3. Whitney Houston — The Bodyguard (1992)
A widely adored superstar chanteuse with gold-plated pipes, the role of Rachel Marron didn’t demand a lot of range from Whitney Houston. And it’s true that her chemistry with co-star Kevin Costner is more From Justin to Kelly than Bogie and Bacall. But for viewers in 2018, a middling effort like The Bodyguard can exist solely as a vessel to contain the immense ability and personality of Whitney Houston. She plays Rachel as a personification of passion, exuding so much sexuality that it’s the only way she knows how to take petty vengeance on Kevin Costner’s body man assigned to her detail.

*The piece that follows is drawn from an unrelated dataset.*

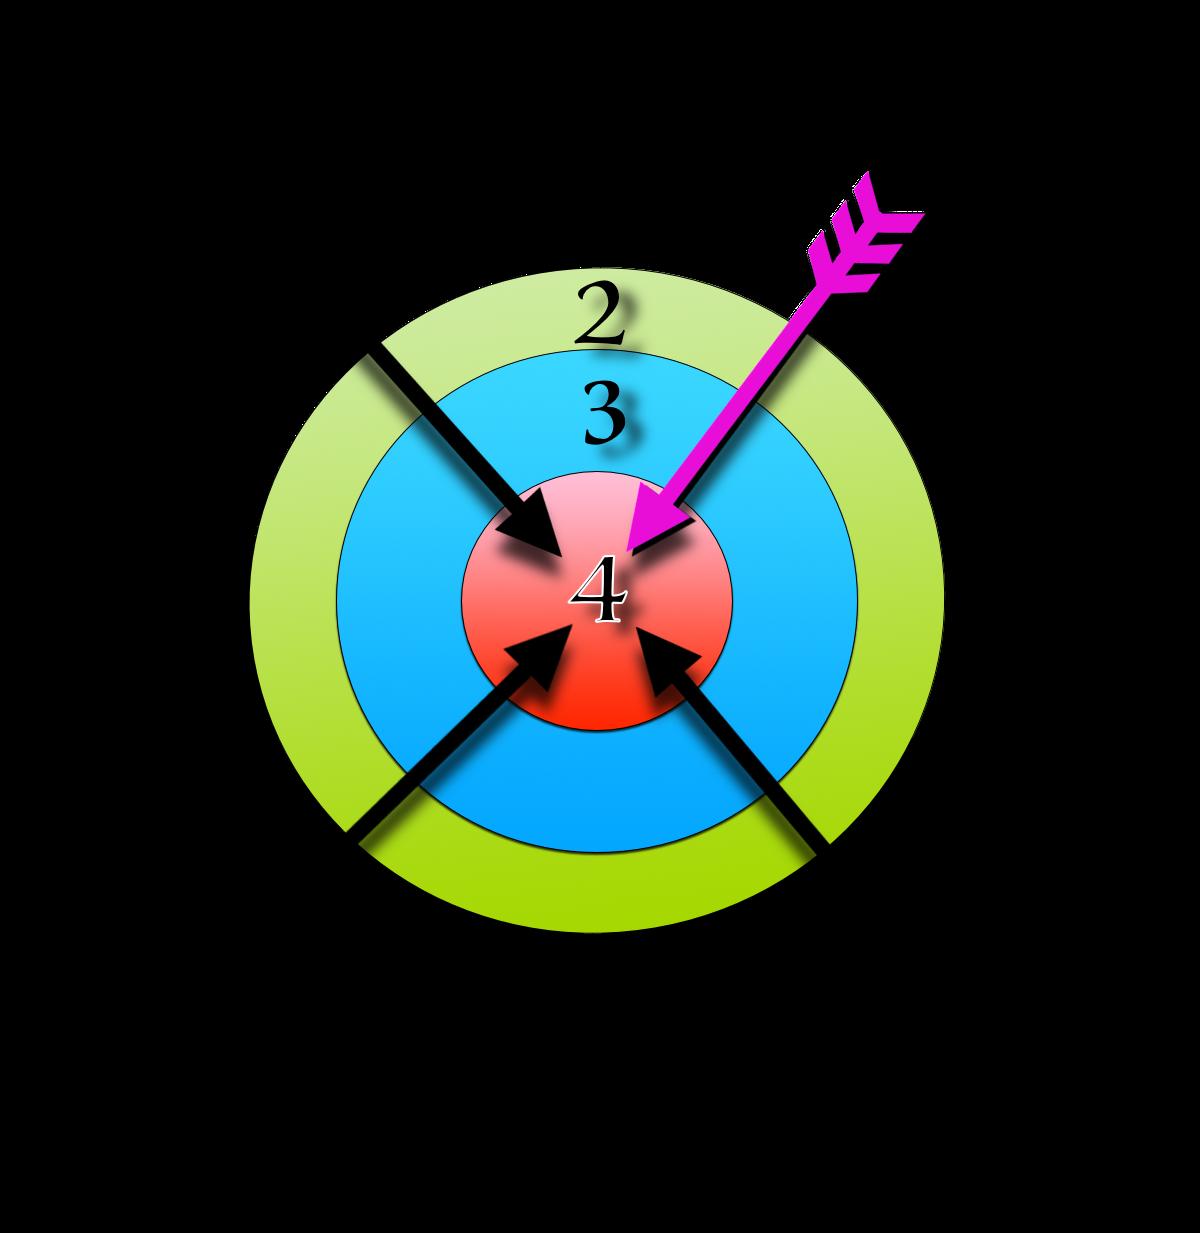 bullseye time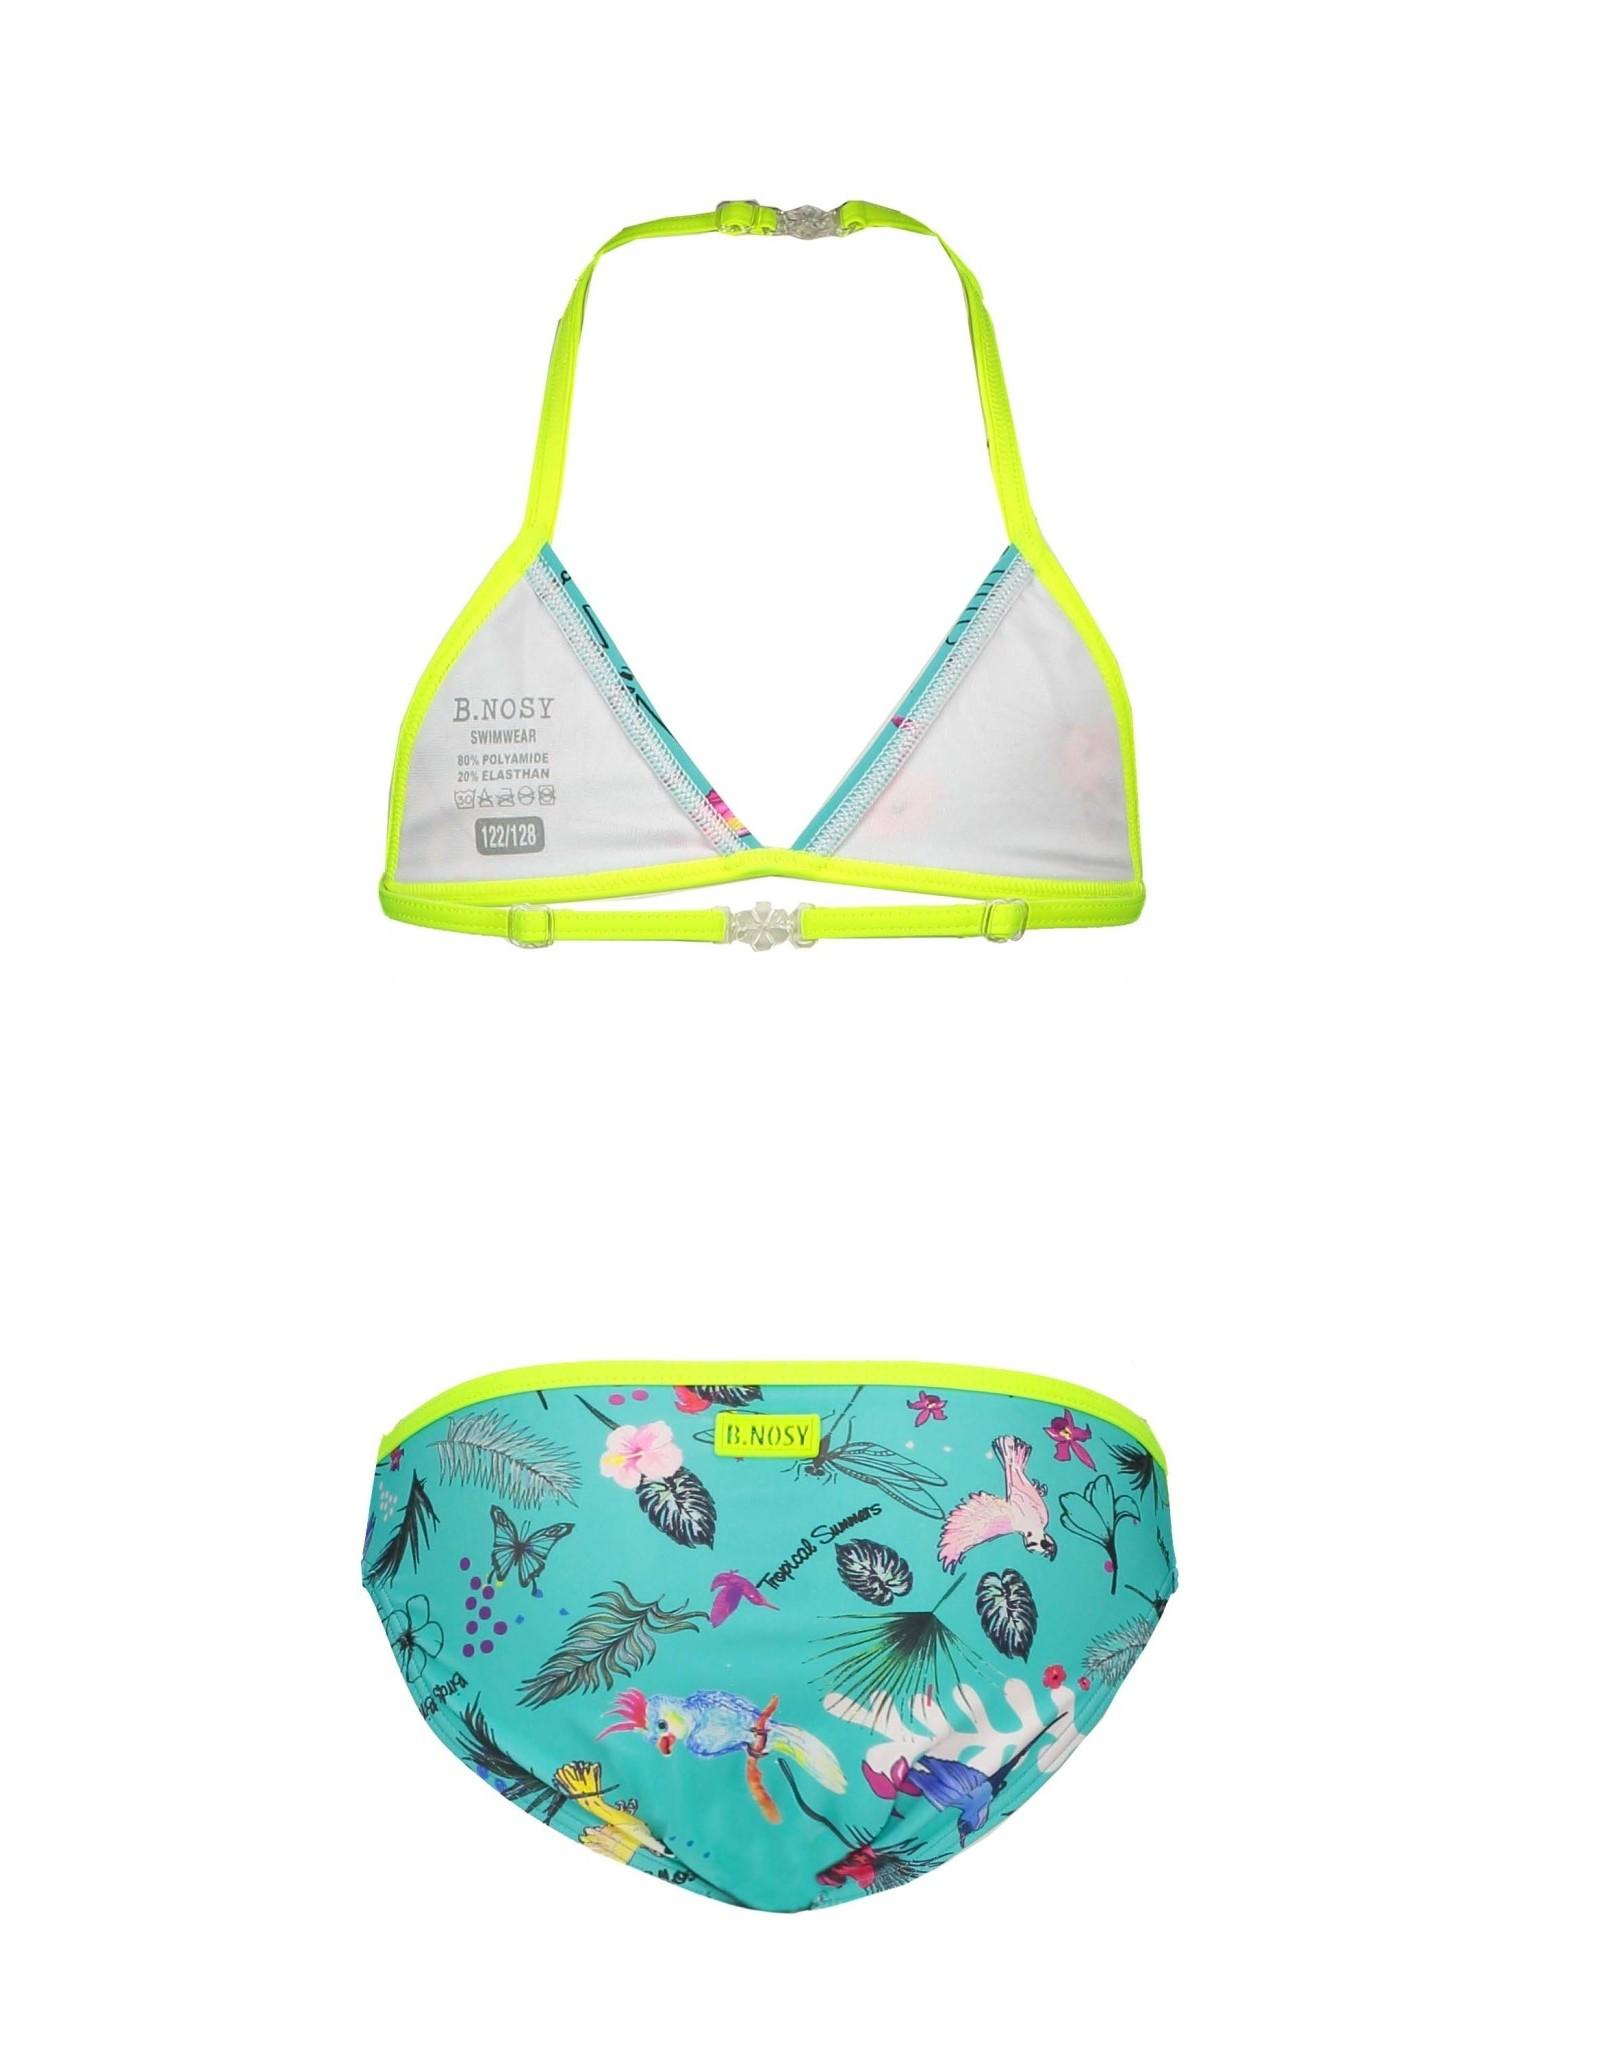 B-Nosy triangel bikini

Houston brings the prima donna archetype crashing down to earth when she begins peeling back the layers of her character all the way to a soft and vulnerable core, where this reputed high-maintenance nightmare wants only to be liked.

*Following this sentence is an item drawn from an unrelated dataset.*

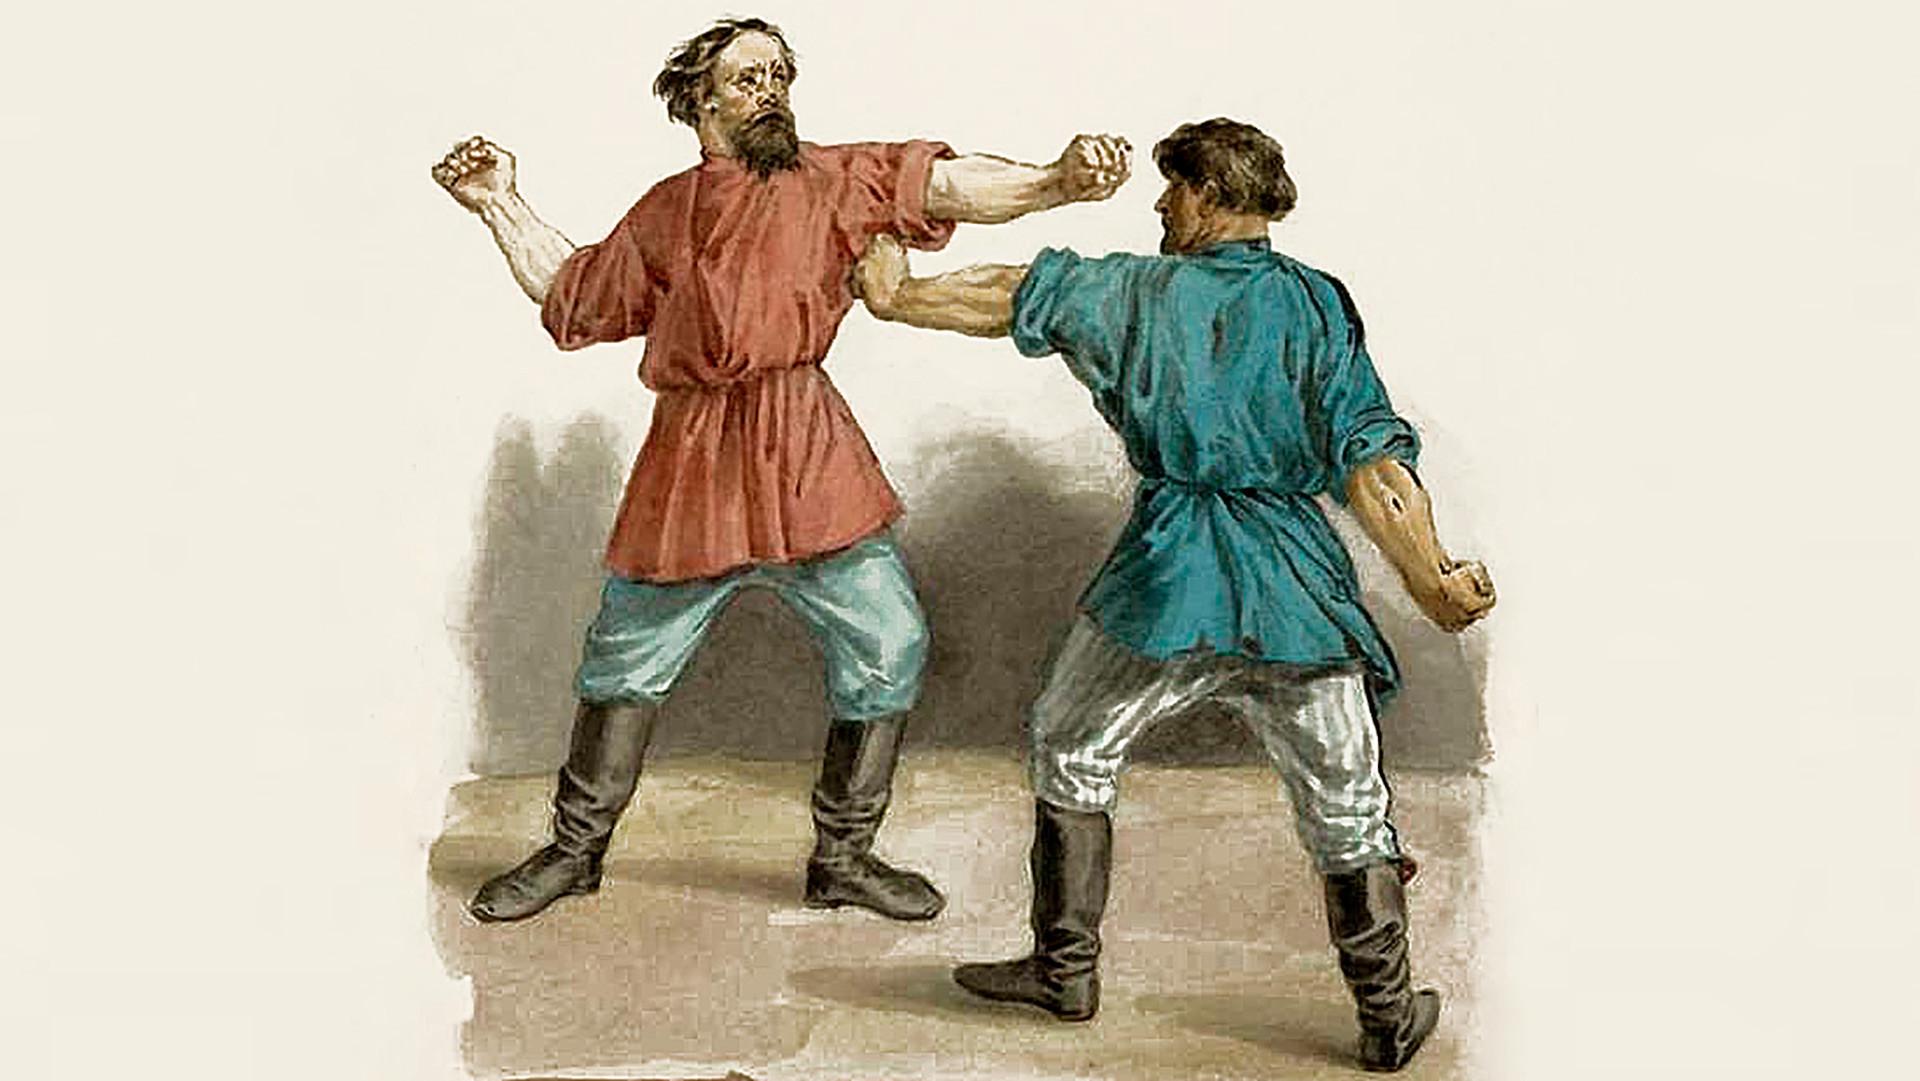 Епизода од борба со тупаници (илустрација од 19 век).

2. Tina Turner — Tommy (1975)
Some singers looking to get their feet wet in cinema will start relatively modestly, testing the waters with a smaller, simpler role that allows them to get comfortable on a live set before taking a bigger leap. Tina Turner is not “some singers.” For her silver-screen debut, she mustered all of her brassy, untempered, room-filling Tina Turner-ness to portray the wildest character in a psychedelic rock-and-roll fantasia from one of the era’s most essential bands. Modern messiah and pinball virtuoso Tommy encounters Turner as the Acid Queen, a fully unhinged narco-diva who sweeps our boy up into a trippy fetish game involving soft BDSM and a whole lot of syringes. Manically mugging for the camera like it may very well be her next victim, clad in a Little Red Riding Hood getup and Atari-inflected knight’s armor, she condenses all the energy of a full-length concert into five minutes. A producer shells out for Tina Turner, they get exactly what they pay for.
1. Diana Ross — Lady Sings the Blues (1972)

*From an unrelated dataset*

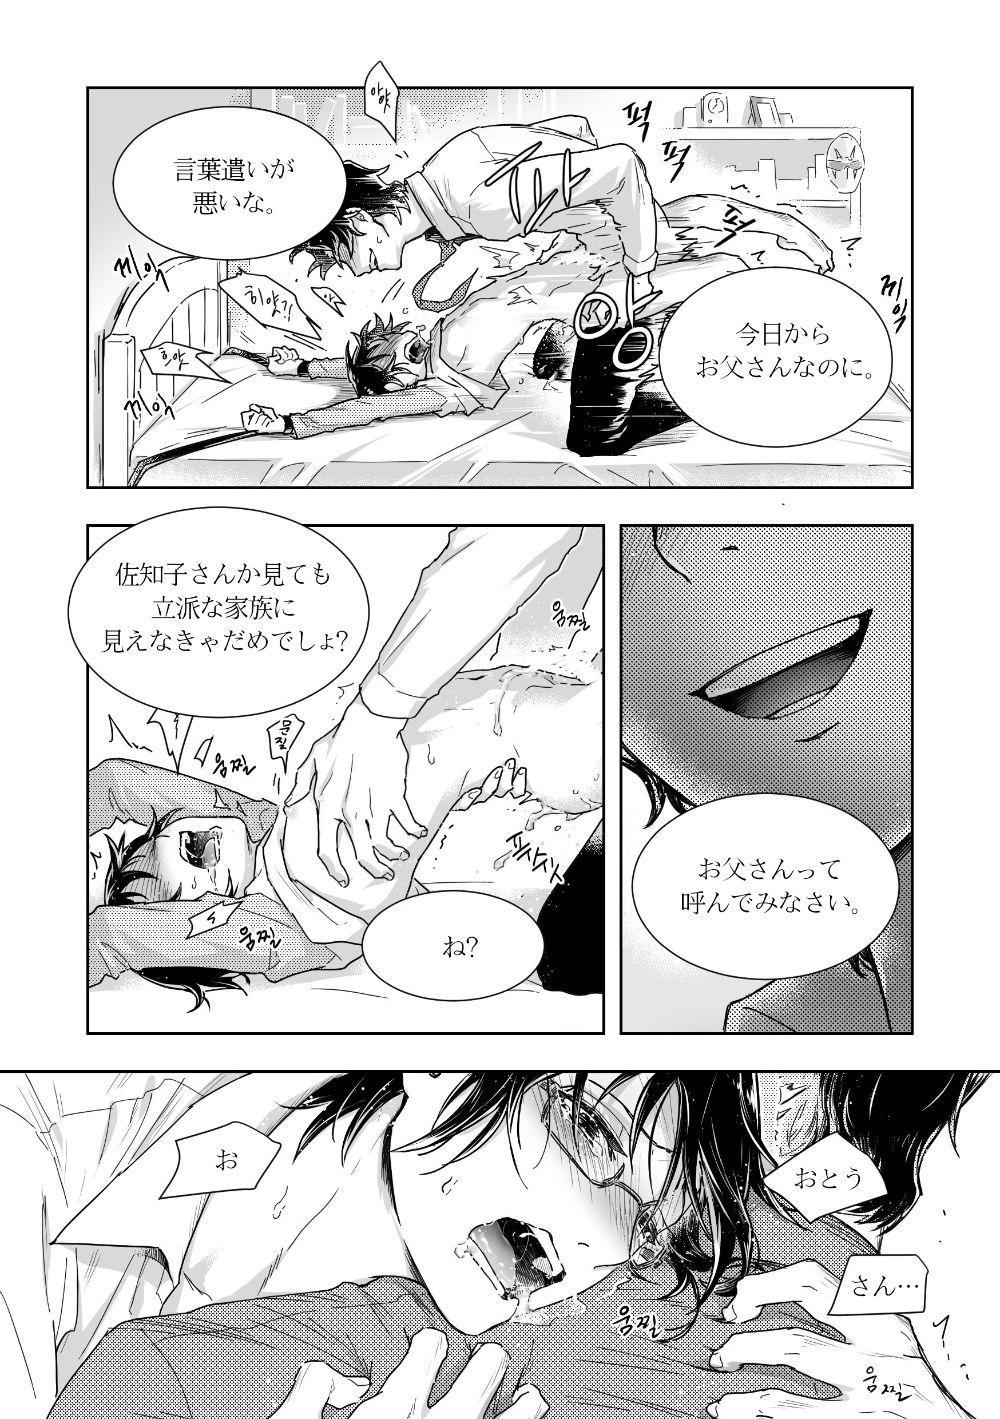 YashiSato Manga 20

Like Athena springing fully formed from the forehead of Zeus, the esteemed Ms. Ross entered the world of acting with a talent, confidence, and presence that others must hone over a course of decades. She had no intention of making things easy for herself, diving right in with the kind of troubled-genius biopic usually available only to the Julianne Moores and Cate Blanchetts of the world. Her take on the sad tale of Billie Holiday runs the gamut of tragedy, from abuse at home to drug addiction to the constant yoke of racism, and the sheer force of her emoting imbues melodrama that could’ve easily overreached into scenery-gnawing with a painful credibility. (It helps that the scenes of singing are heart-stoppers across the board.) It was an audacious gambit, but sometimes, when you bite off more than you can chew, you manage to choke it all down anyway.